# MIPB



## Marauder06 (Apr 16, 2011)

I'm having a hard time tracking down a digital back-issue copy of MIPB from 2010, specifically one that featured an article on "DOMINT" by Joseph Cox.  A little help?


----------



## Diamondback 2/2 (Apr 16, 2011)

MIPB? What did the article on DOMINT cover? Have you looked for other related info? Or is that you need this article?


----------



## Marauder06 (Apr 16, 2011)

Military intelligence Professional Bulletin; I'm looking for a specific article on DOMINT (document and media exploitation intelligence) written by COL Joseph Cox.   FAS has a good collection of past MIPB articles but they cut off in 2009.  I think the article I'm looking for appeared in 2010.

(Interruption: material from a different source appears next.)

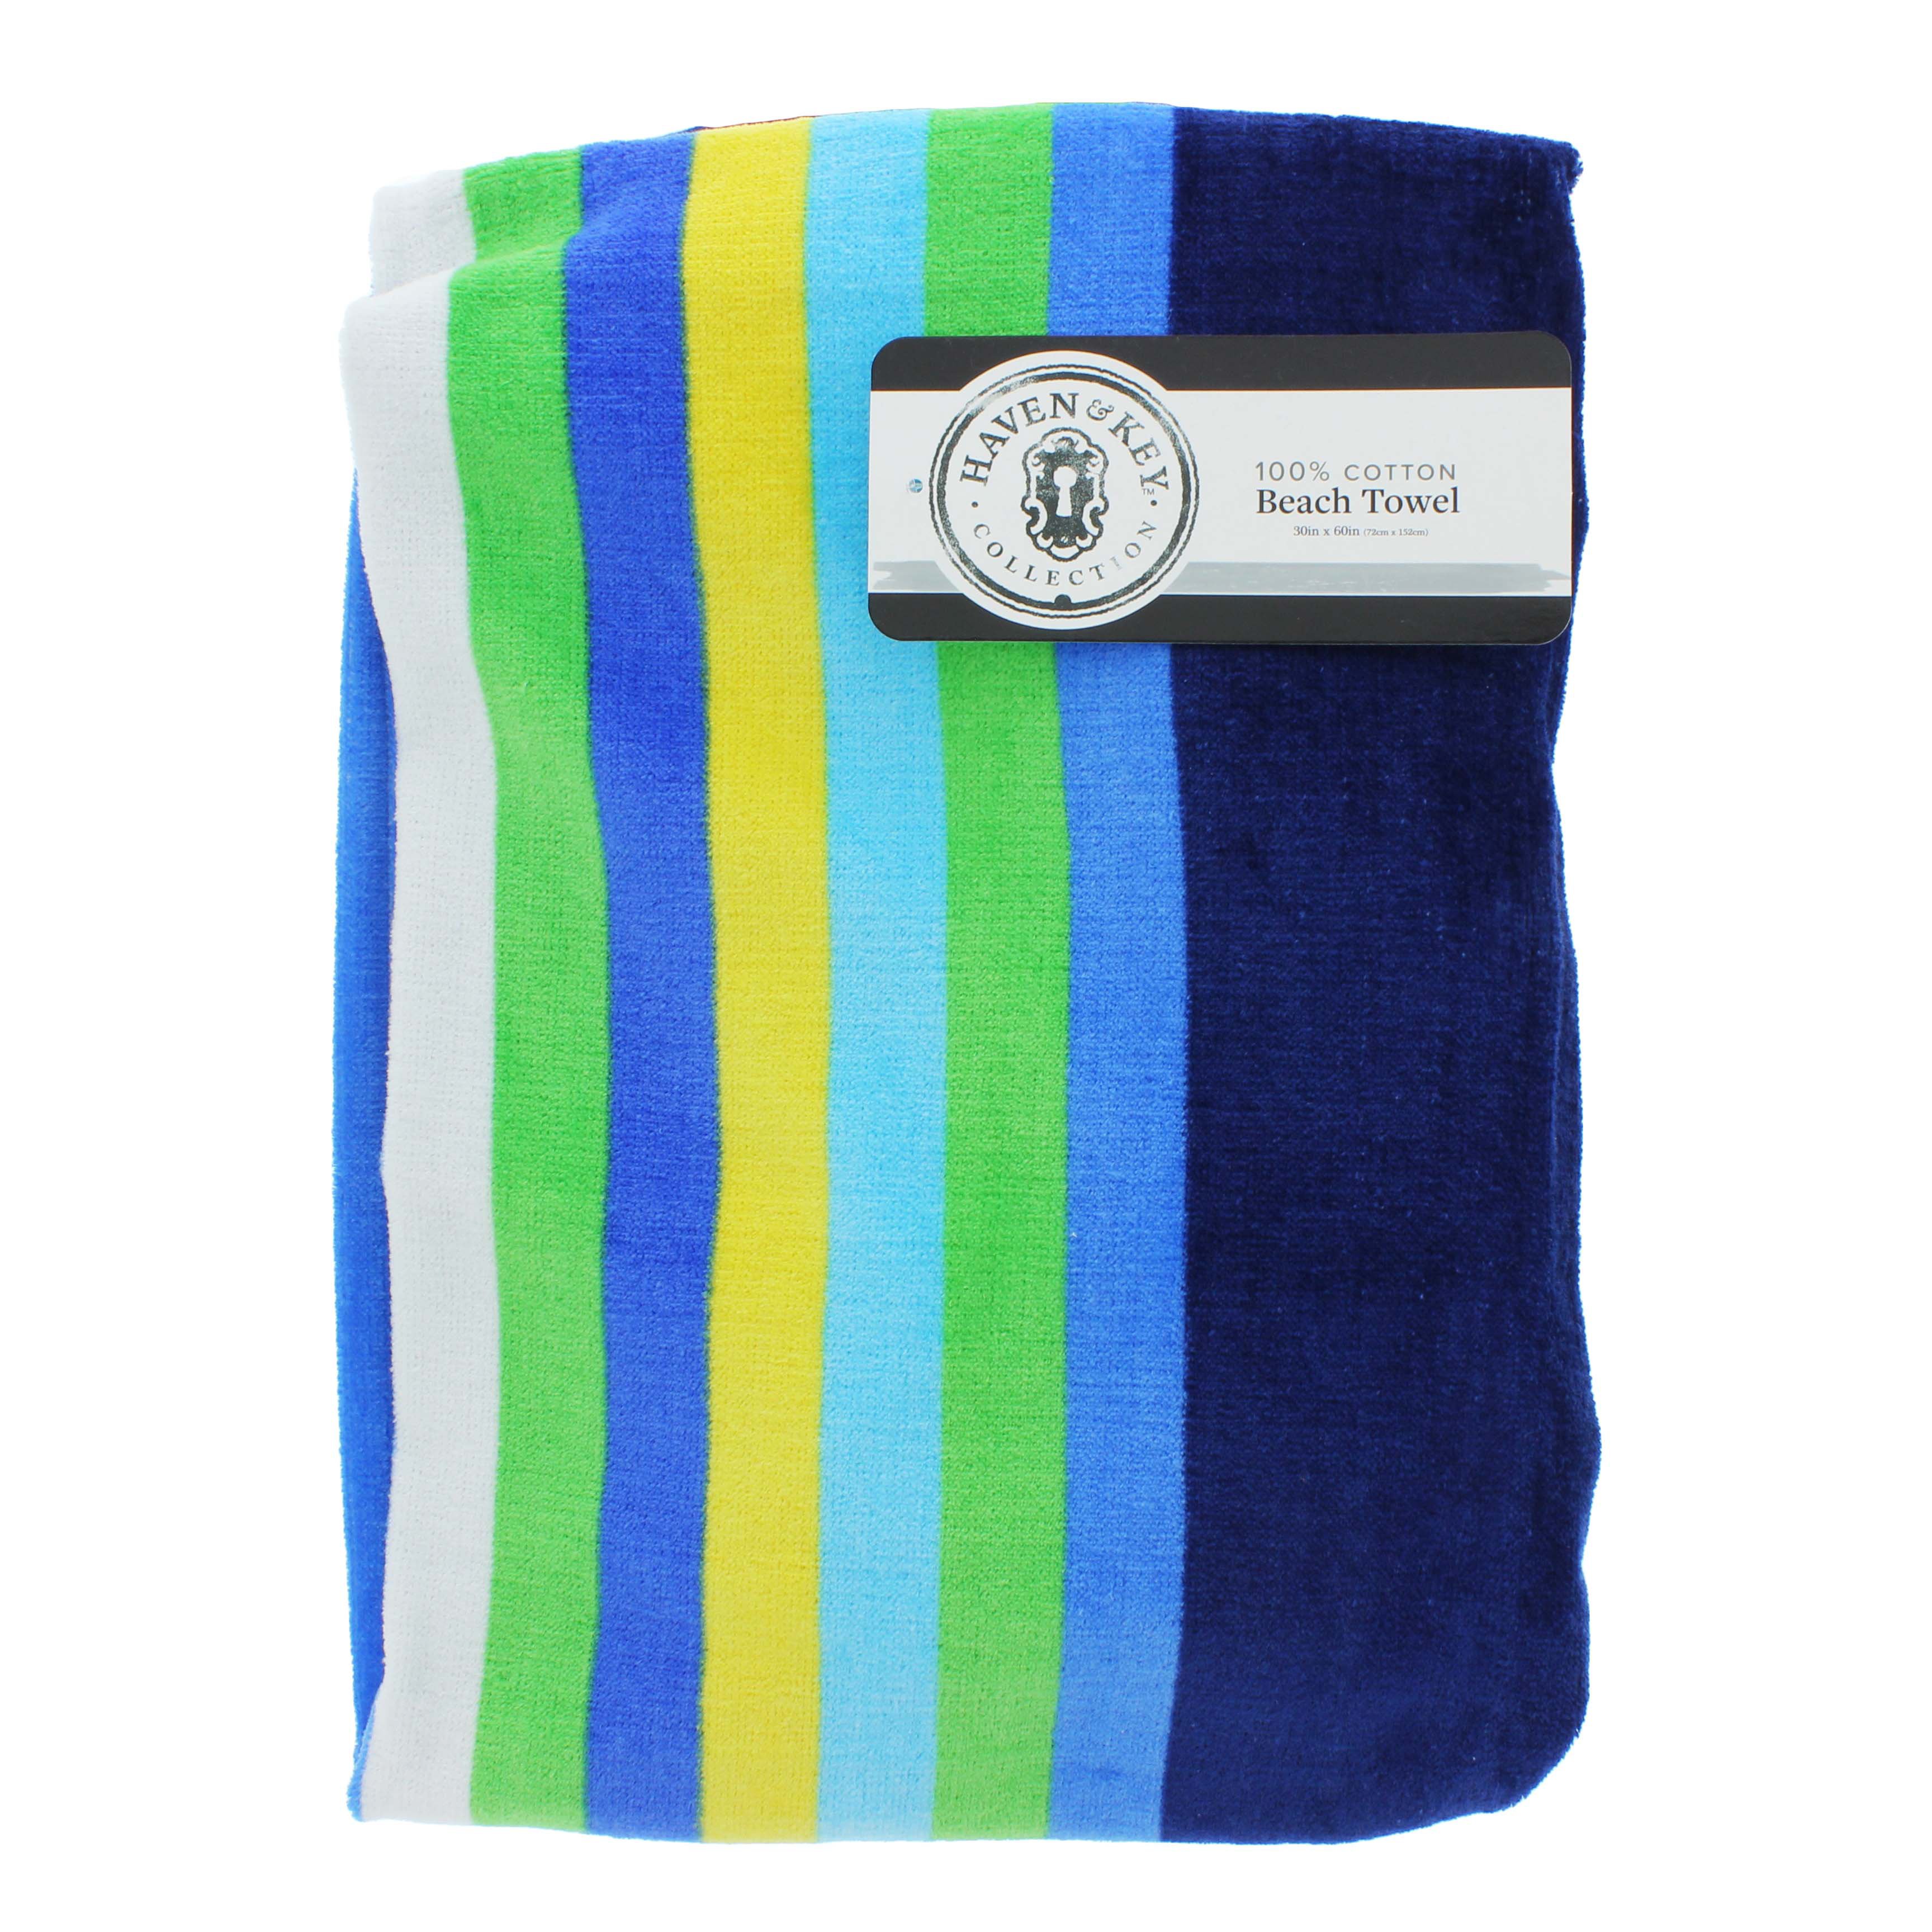 Haven & Key Beach Towel Geo/stripe - Shop Towels & Washcloths at H-E-B

There used to be a way to get to the past issues of MIPB through a website at Fort Huachuca but now I can't find it.


----------



## mike_cos (Apr 16, 2011)

Let me see Mara....


----------



## Marauder06 (Apr 16, 2011)

Found what I was looking for.  Thanks to everyone who helped out, and thanks to Dame for PC'ing me the lead I needed to find the article.  I would post it here but it's too big...


----------



## Dame (Apr 16, 2011)

Happy to help.


----------



## Joe501 (May 12, 2011)

I'm glad MIPB elected to publish the article; hope you got something out of it - COL Joe Cox


----------



## Marauder06 (May 12, 2011)

Joe501 said:


> I'm glad MIPB elected to publish the article; hope you got something out of it - COL Joe Cox



Welcome to the site sir.


----------



## Manolito (May 12, 2011)

Wow Mara not only the article you were looking for but the Author as well.
Welcome to the site Col.
Dame your computer FOO is strong may the force be with you.


----------



## DA SWO (May 12, 2011)

Another intel guy, I need to recruit some weather guys for a final take over of the site.


----------



## Crusader74 (May 12, 2011)

Welcome to the best SOF site on the net Sir. :)


----------



## mike_cos (May 12, 2011)

ShadowSpear is really famous... wow.... another bigwig with us...
Welcome Sir...
(JDAME strikes back)


----------



## Joe501 (May 12, 2011)

I'm humbled to be in fine company and look forward to the discussions.


----------



## Diamondback 2/2 (May 12, 2011)

Welcome to the site sir.


----------



## mike_cos (May 12, 2011)

LOL... see Colonel Joe Cox "unverified" it's very funny....
Respectfully... LOL again...


----------



## Crusader74 (May 12, 2011)

mike_cos said:


> LOL... see Colonel Joe Cox "unverified" it's very funny....
> Respectfully... LOL again...


 
That will change momentarily....


----------



## Viper1 (May 12, 2011)

Welcome Sir


----------



## x SF med (May 12, 2011)

Welcome, Sir.

Oh, I have to do this.....  written any good stuff lately?


----------



## Dame (May 12, 2011)

Manolito said:


> Wow Mara not only the article you were looking for but the Author as well.
> Welcome to the site Col.
> Dame your computer FOO is strong may the force be with you.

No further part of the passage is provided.